NEW DELHI: A study by researchers from India, France and Germany has found that single-dose human papillomavirus (HPV) vaccination against cervical cancer provides lasting protection, just as the two- or three-dose regimen.
The findings of the study are likely to have major policy implications in India as the Union Ministry of Health and Family Welfare is set to introduce HPV vaccination through its Universal Immunisation Programme.
“A one-dose HPV vaccination schedule will have substantial cost saving and policy and programmatic advantages over multiple doses that will facilitate logistics of vaccine delivery, wider implementation and high coverage of target girls,” says the study, published in a recent issue of the journal Vaccine.
“One-dose vaccination is more affordable than two- or three-dose schedules, will simplify the logistics of vaccine delivery, will reduce the cost of vaccination and is particularly conducive to wider implementation in the LMICs (low and middle income countries), where four-fifths of the global burden of cervical cancer occurs.”
The study says that as studies to evaluate the efficacy of single-dose HPV vaccination demonstrate high protective effect, low-income countries without any preventive interventions against cervical cancer will be justified in initiating national HPV vaccination programmes with a single dose and could consider revising the protocol when more affordable HPV vaccines were available.
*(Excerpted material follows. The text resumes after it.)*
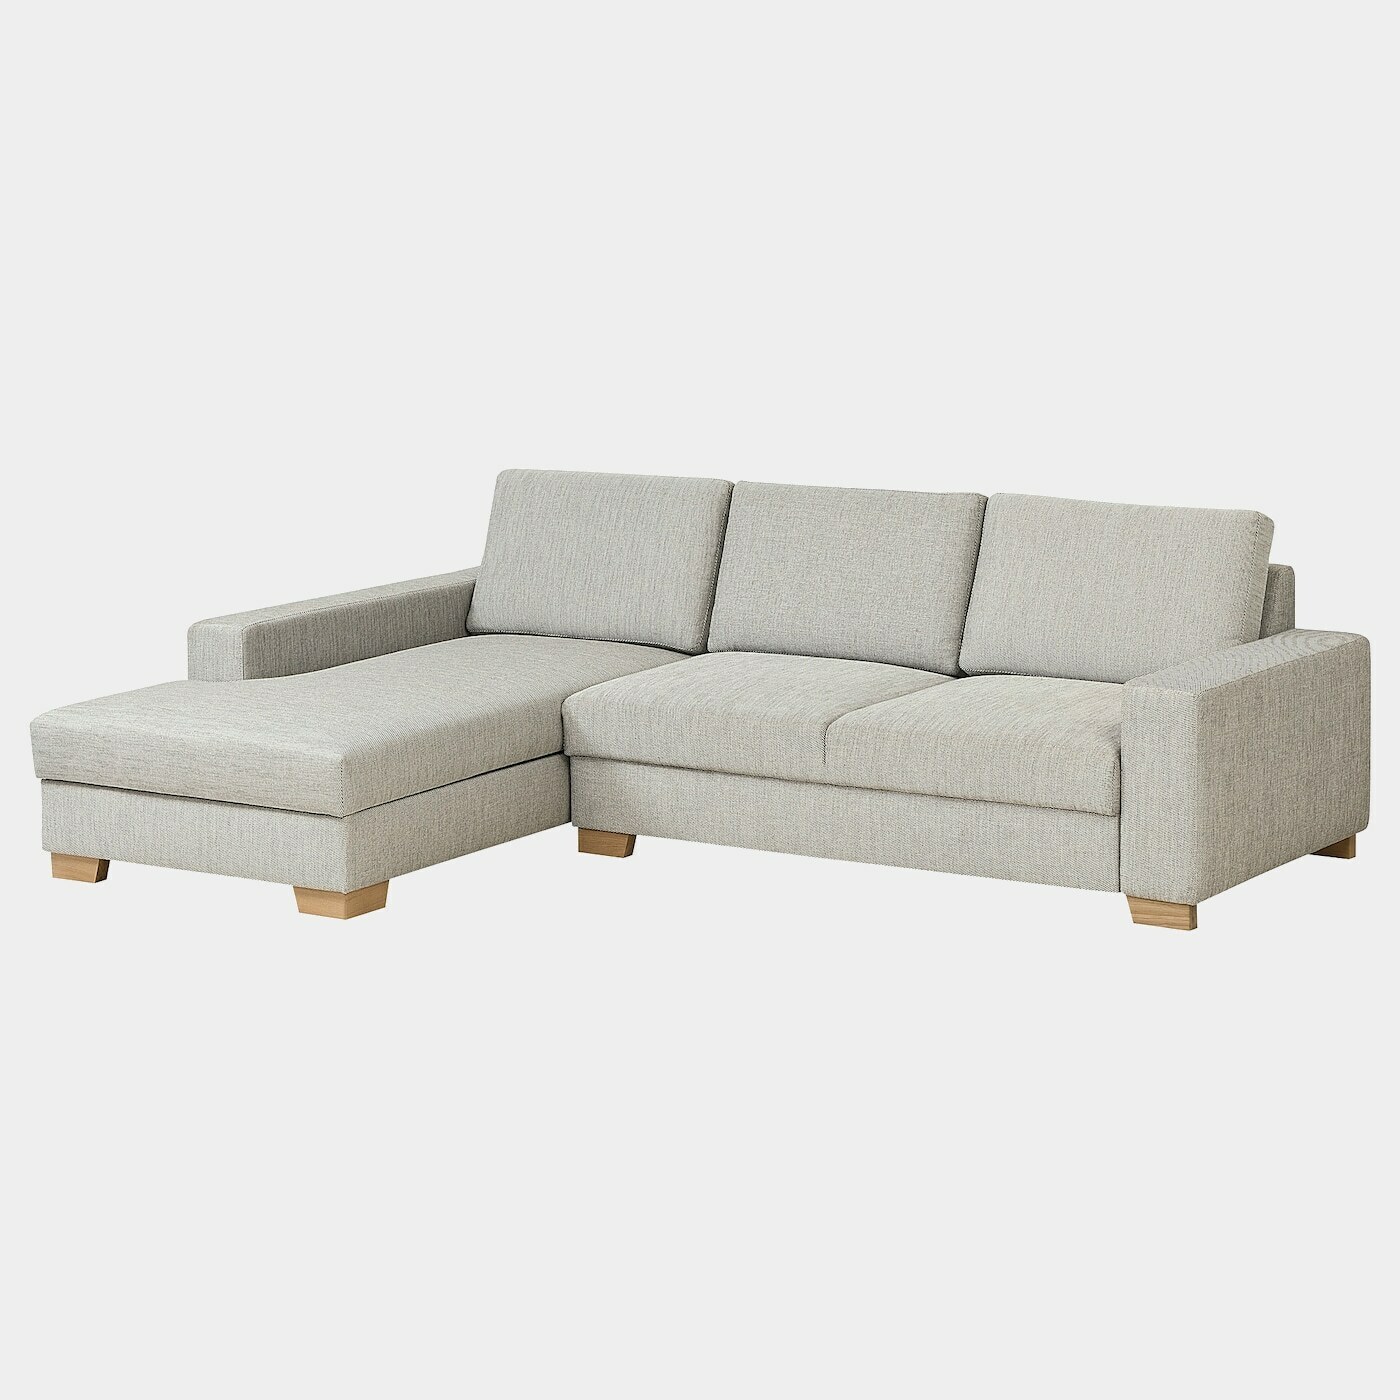 SÖRVALLEN 3er-Sofa  -  - Möbel Ideen für dein Zuhause von Home Trends. Möbel Trends von Social Media Influencer für dein Skandi Zuhause.
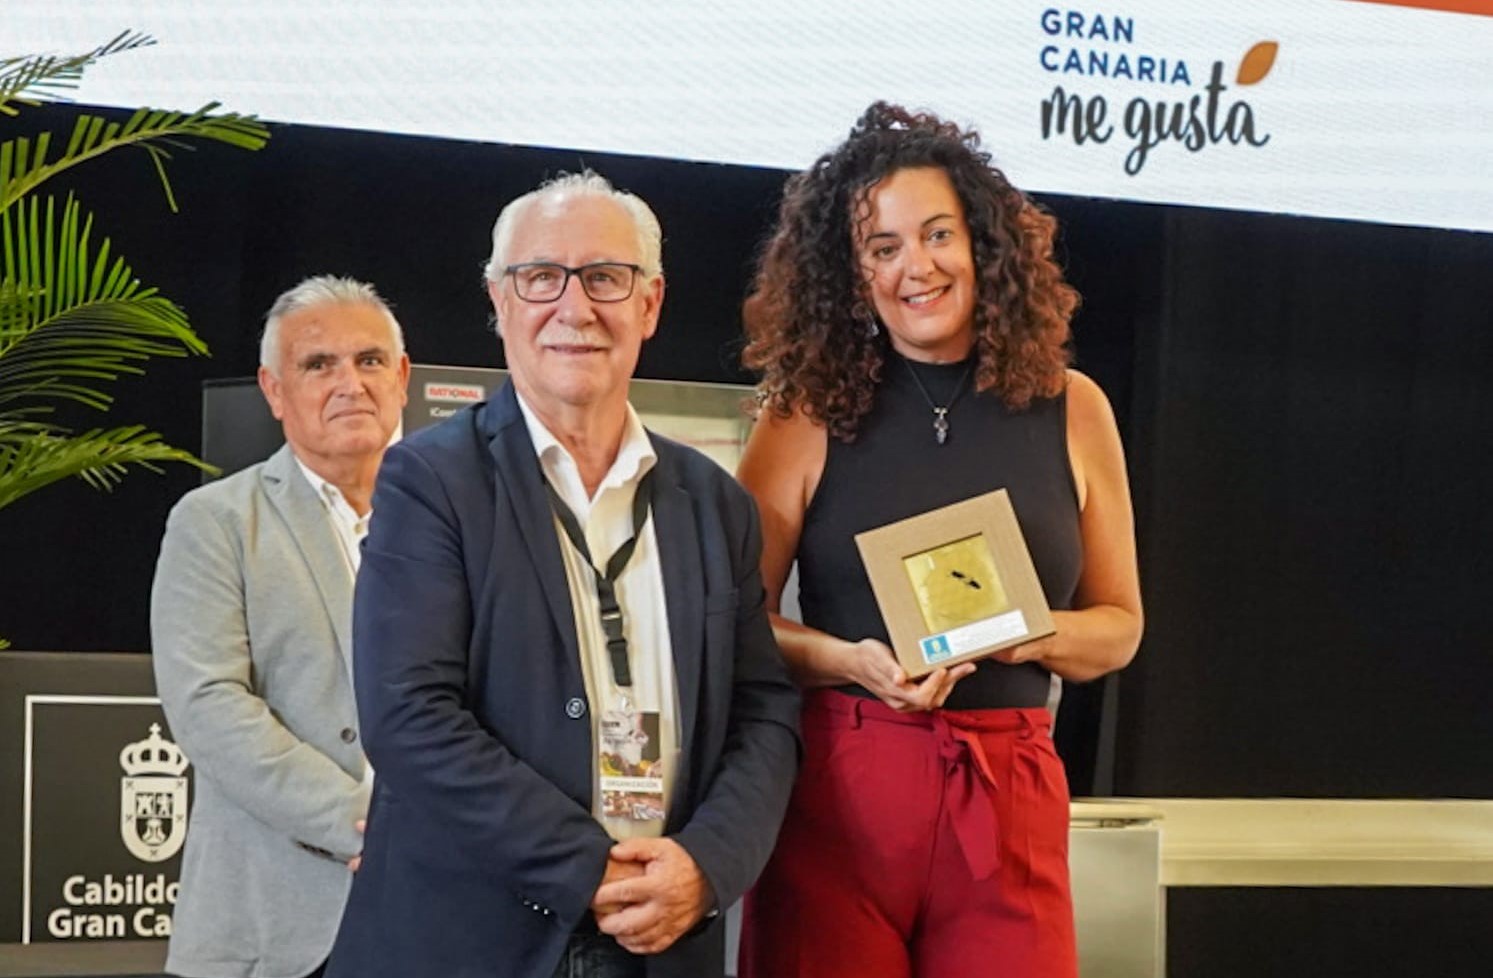 Concurso Oficial de Mieles de Gran Canaria / CanariasNoticias.es

India has one of the world’s highest burdens of HPV-related cancer. Around 67,000 women die from this disease each year, more than India’s maternal mortality burden of 45,000.
In December 2017, the National Technical Advisory Group on Immunization, an advisory body that recommends vaccines for India’s UIP, approved a proposal for introduction of the vaccine, which is currently being administered only by the Punjab and Delhi governments on a pilot basis.
The decision on who will make the HPV vaccines will depend on the outcome of a 2012 Supreme Court case.
At present, two HPV vaccines are available in India, developed by Merck Sharp & Dohme and GlaxoSmithkline, while one vaccine developed by an Indian firm is in clinical trials.
A 2012 writ petition in the Supreme Court of India asks for the licences of the MSD and GSK vaccines to be revoked because they were allegedly approved by the Drug Controller General of India (DCGI) without adequate clinical trials.
That’s the reason the inclusion of the vaccine in the UIP will wait till the Supreme Court decides on the case, sources in the health ministry said.
HPV vaccines have been controversial in India since 2009, when a clinical trial conducted by the American non-profit PATH, in partnership with the Andhra Pradesh and Gujarat governments, went wrong.
Around 24,000 pre-adolescent girls were given MSD and GSK vaccines in the trial, overseen by the Indian Council of Medical Research and DCGI. When eight of the girls died, health activists pointed out that PATH and others had violated research ethics by giving the girls the vaccine without informed consent from their parents.